I know A and B but I haven't a clue what to use for C. I have been told it is the present value of the tax-free lump sum I could expect to receive on retirement at age 65 as part of my defined benefit pension. This is an actuarial value that has to be obtained from our pension advisers but apparently they are very reluctant to give a figure until the redundancy is confirmed. I was wondering if anyone could provide me with a rough rule of thumb that would enable me to estimate what the SCSB would be. According to my latest pension statement the value of my tax-free lump sum at retirement would be €133k. I am 44 now so would it be far off the mark to estimate the present value to be around €66k?

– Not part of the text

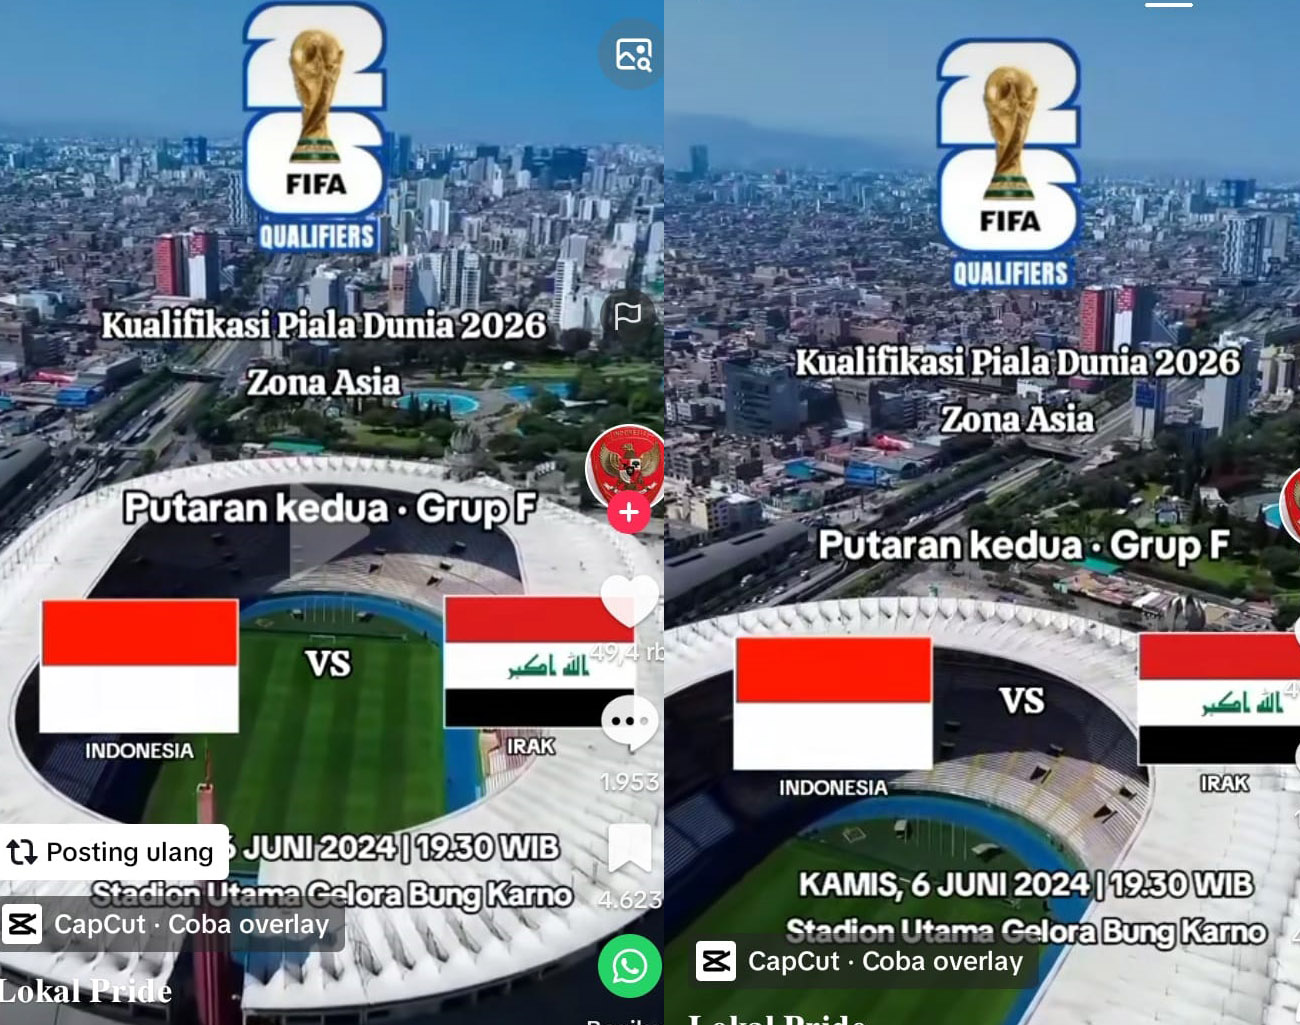 Misi Balas Dendam, Irak vs Indonesia Bertemu Kualifikasi Piala Dunia 2026 di Stadium Gelora Bung Karno Jakarta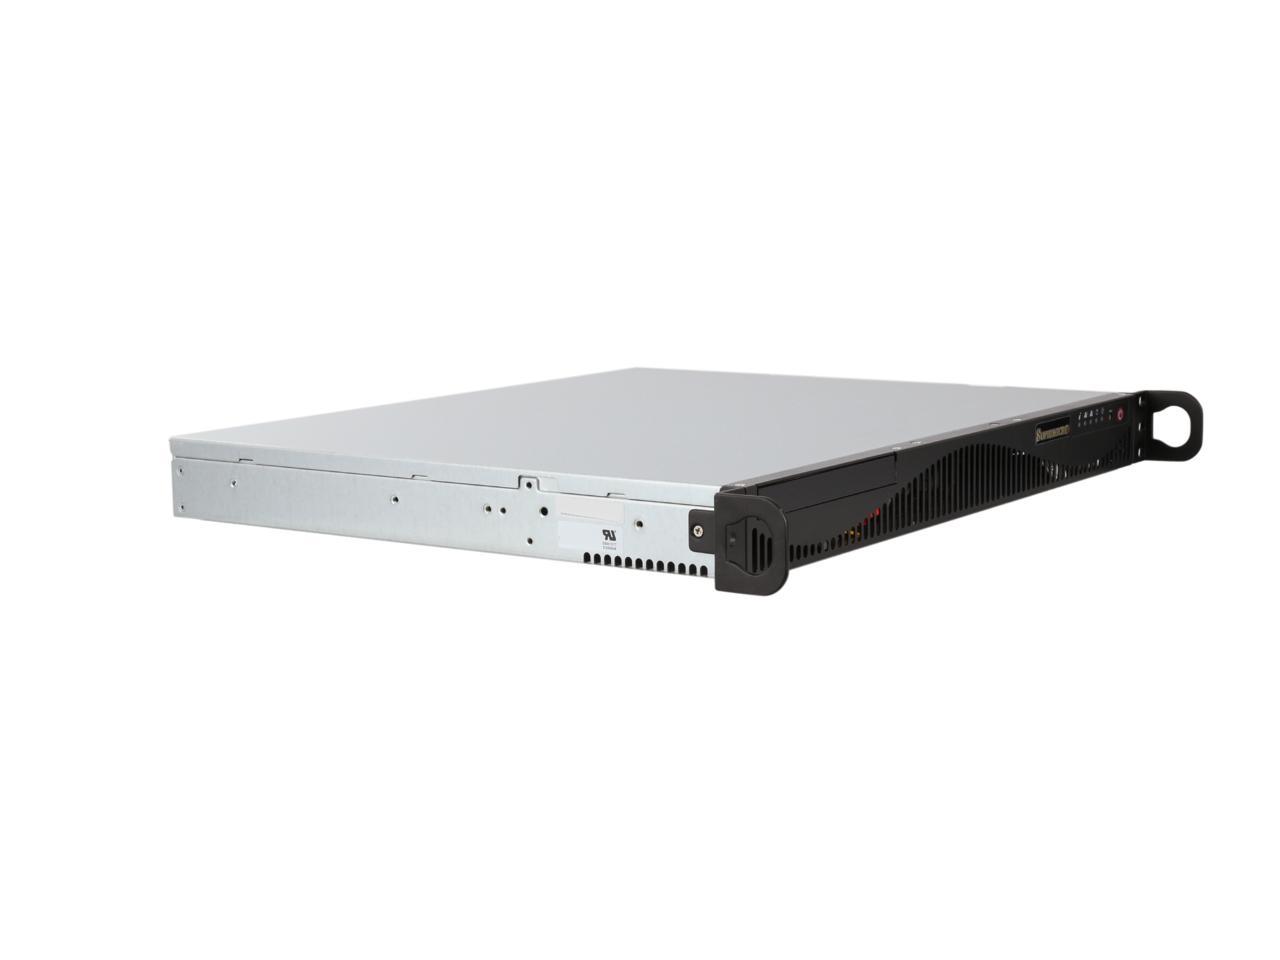 SUPERMICRO SYS-5019S-ML 1U Rackmount Server Barebone LGA 1151 Intel C236  DDR4 2400 / 2133 / 1866 / 1600 MHz - Newegg.com

Also I have been told that there is an option to waive the right to a tax-free lump sum on retirement as a way to reduce the amount of tax payable on a redundancy package. Is this true, and if so what is the effect on the pension at retirement and is it an option that one would normally be advised to consider?


----------



## Don_08 (9 Jan 2009)

As i'm feeling generous, multiply your final salary  ( thats total taxable earnings ) by 30%.  That will give you a rough idea of your PVTFLS.  Only applicable for the dates and age etc you have given.


----------



## RichieRuin (9 Jan 2009)

Many thanks Don_08, your generosity is much appreciated.


----------



## dealgan (16 Jan 2009)

Also, remember that the statutory portion of your redundancy is NOT taxable i.e. SCSB is only applied to the discretionary portion of your gross package (works out better for you of course).


----------